Clues for the clueless

It’s important to remember that positive identification of a modern synthetic diamond will most often need to be done by a laboratory capable of performing and interpreting the results of specific tests. In general, that means those labs in possession of deep ultraviolet imaging equipment, along with an infrared spectroscope, and their appropriate databases. This equipment and the necessary training for its use are currently available for purchase. However, the cost per potential use makes the expense difficult to justify for most of us. Eventually, as synthetic diamonds make further inroads into the mainstream jewellery markets, we may discover that some version of this testing equipment becomes as necessary to our business model as a binocular microscope is today.

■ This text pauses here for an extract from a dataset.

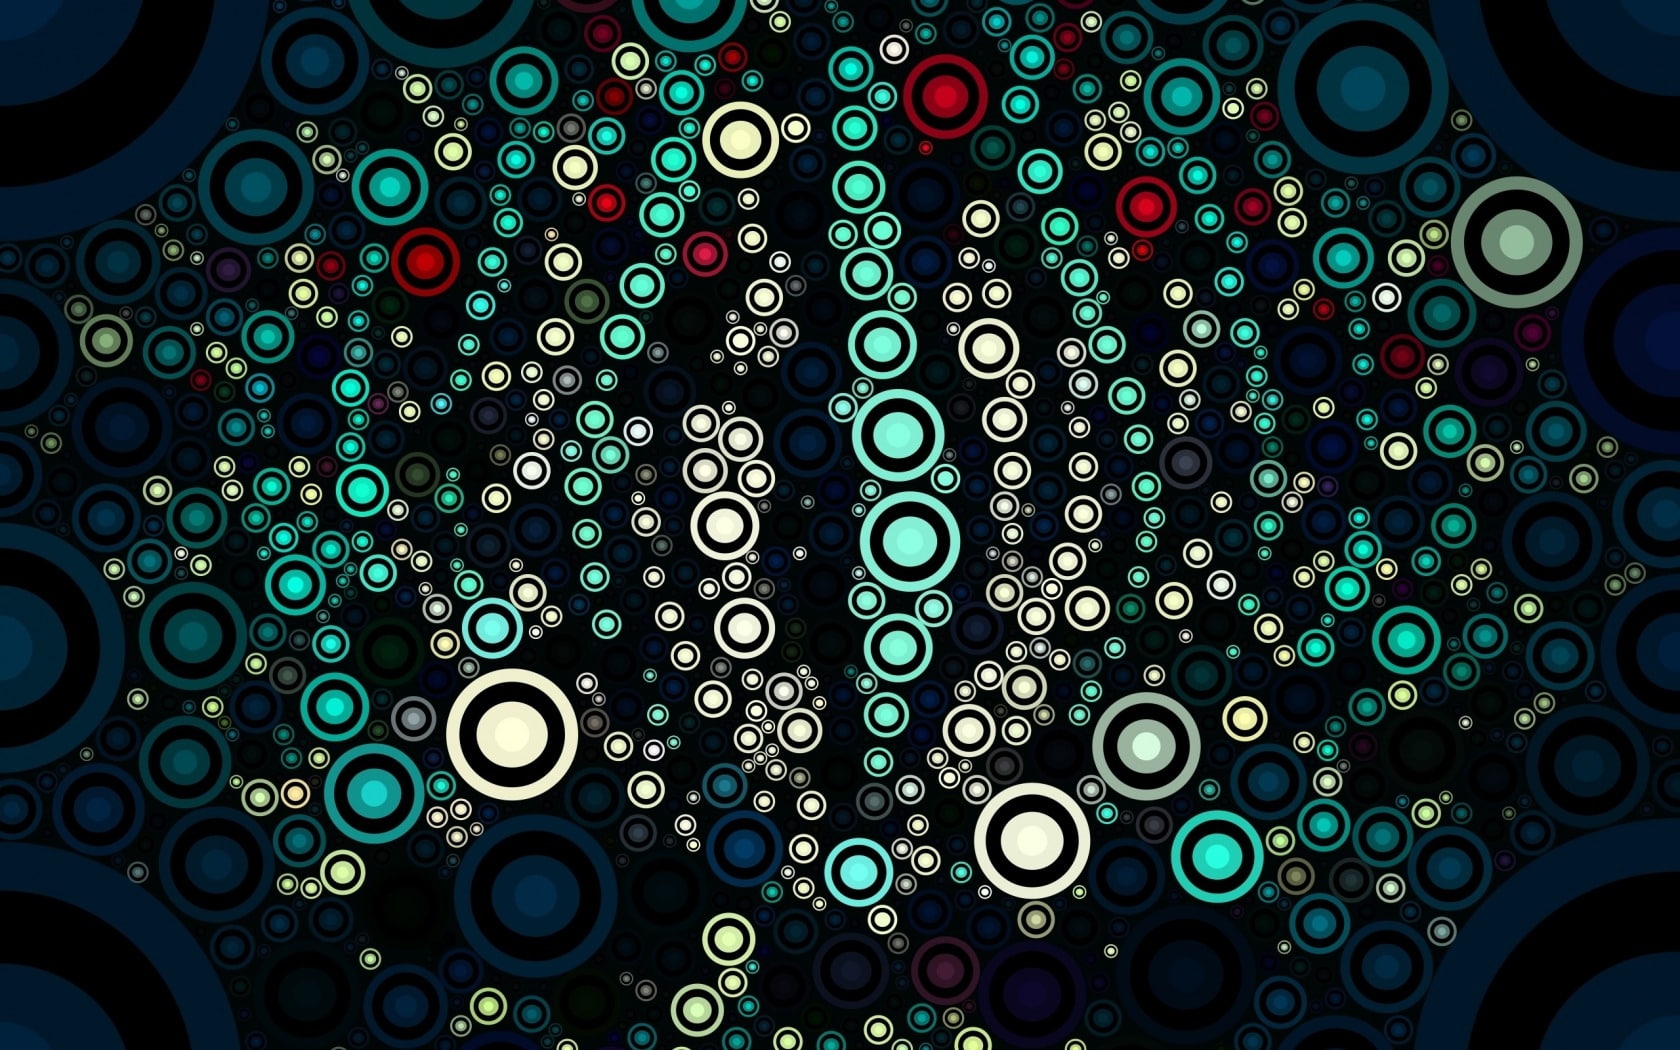 Abstrac, water, vara, dot, bstract, texture, summer, bubbles

However, we shouldn’t be disheartened—even without having the ‘ultimate’ gadgets, we’re not yet completely helpless. Many of us already have the equipment necessary to perform basic tests that might separate a large percentage of diamonds. The idea is to try to find evidence that a diamond is NOT synthetic using our microscope, spectroscope, ultraviolet lamps, rare-earth magnet, and a variety of filters possibly combined with immersion. If we can’t determine that our client’s diamond isn’t synthetic, it probably needs to go to a major lab. The following tests are not likely to ‘prove’ a diamond is synthetic; we’re simply building evidence for a reasoned conclusion.
Microscope

Most of us have looked at many hundreds of diamonds under the microscope and probably don’t need much help recognizing inclusions. There are specific types of inclusions and inclusion assemblages that have never been found in a laboratory-grown diamond; therefore, if you find any of them, you’re not looking at a synthetic diamond. One of the easiest to recognize as a signpost is a colourless crystal. A garnet crystal is also an indicator of natural origin. On the other hand, black granular inclusions or feathers are not necessarily indicative of natural origin.

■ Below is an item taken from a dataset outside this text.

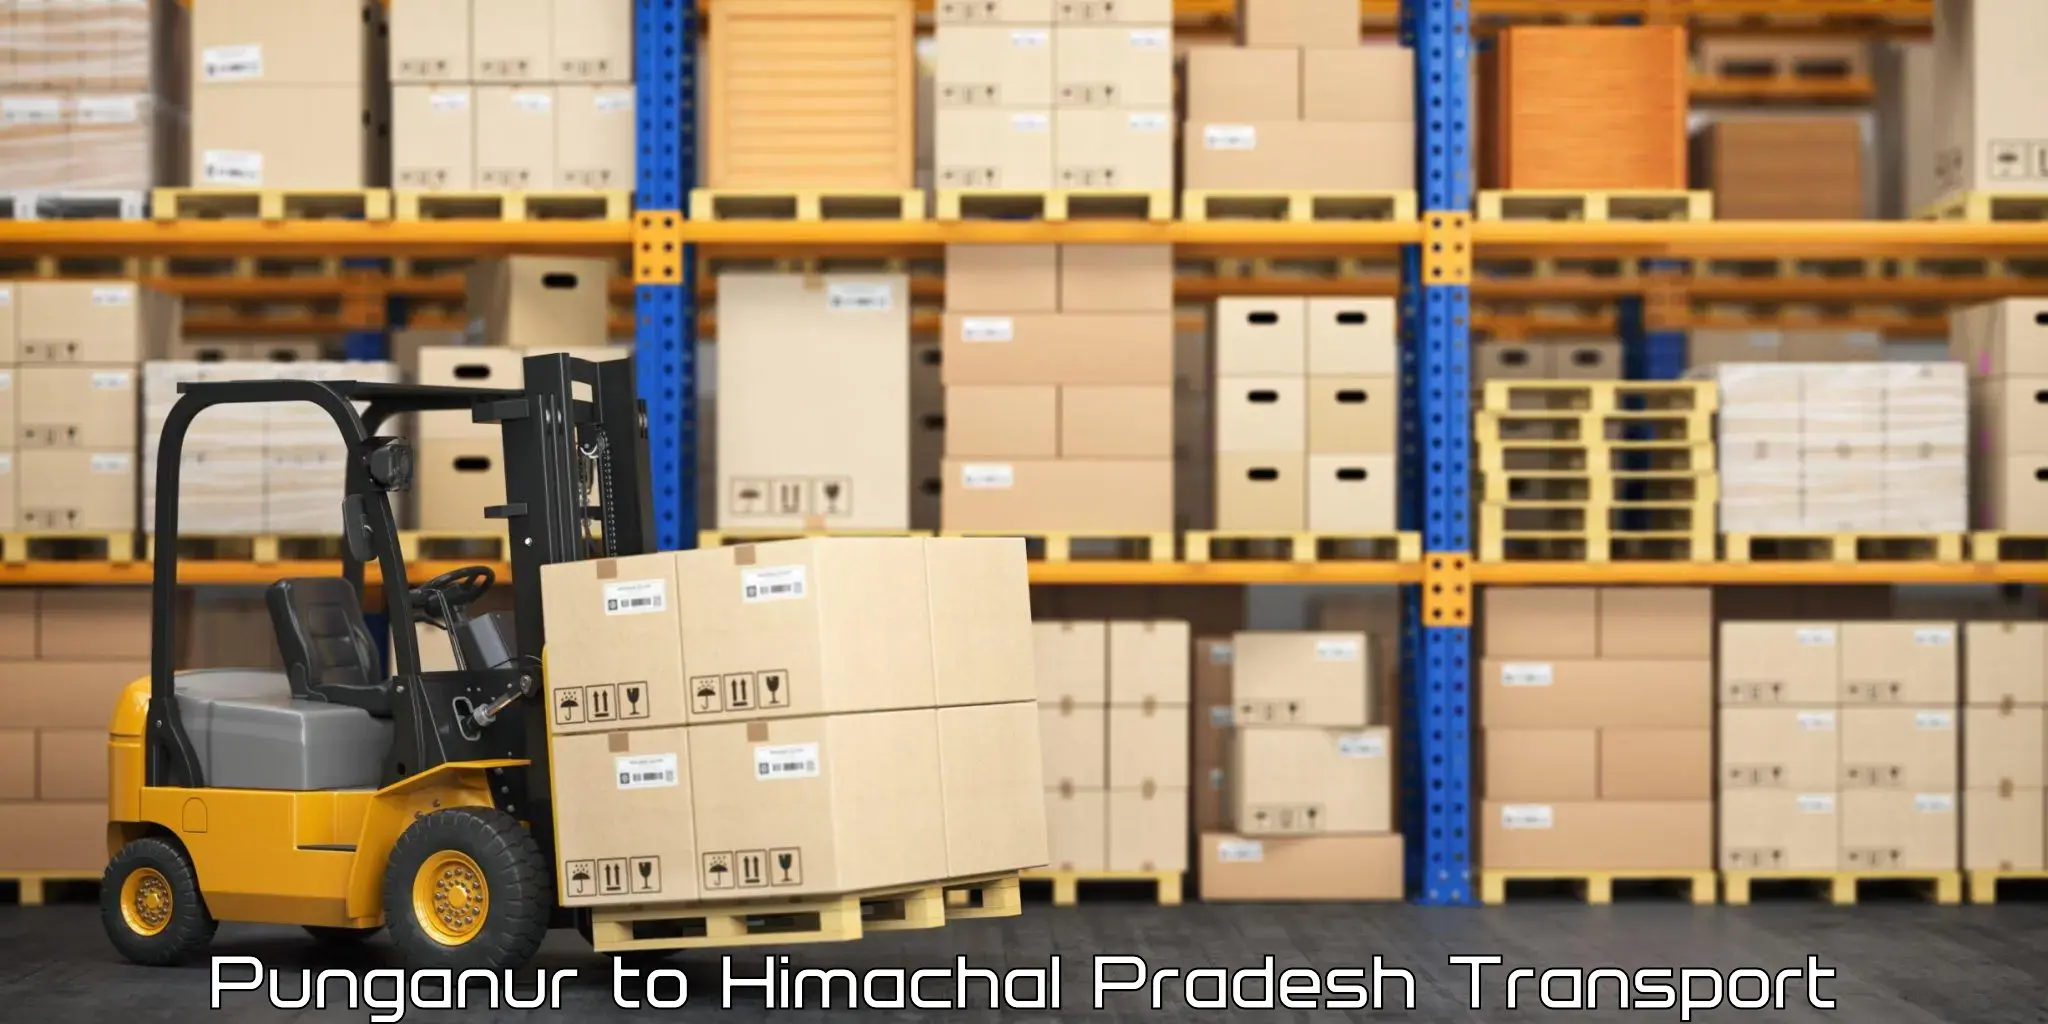 India truck logistics services in Punganur to Dalhousie

While you’ve got your microscope handy, pull out your polarizing filters and check for the presence and appearance of any ‘strain’ or anomalous double refraction (ADR). Virtually all natural and some synthetic diamonds indicate ADR to a certain extent when examined between crossed polarizers. It is a very good idea to become familiar with the patterns found in known natural diamonds, since these can be a strong indicator of origin. Technically, they’re actually an indicator of the forces at work when the diamond formed and can also be useful in determining the diamond type. A contributor to this magazine, Branko Deljanin, along with Dusan Simic, has developed a half-day class on using crossed polarizing filters to identify diamond types and synthetic diamonds. This is the sort of educational offering that is essential to help us hone the skills we’re going to need to remain a viable part of the industry.
Still using the microscope, another important growth characteristic to check when examining fancy-coloured diamonds is the grain pattern and the colour zoning. HPHT synthetic diamonds can sometimes show very specific boxy grain patterns and distinctive colour zoning. The use of a light-diffusing filter can sometimes make these subtle features easier to see.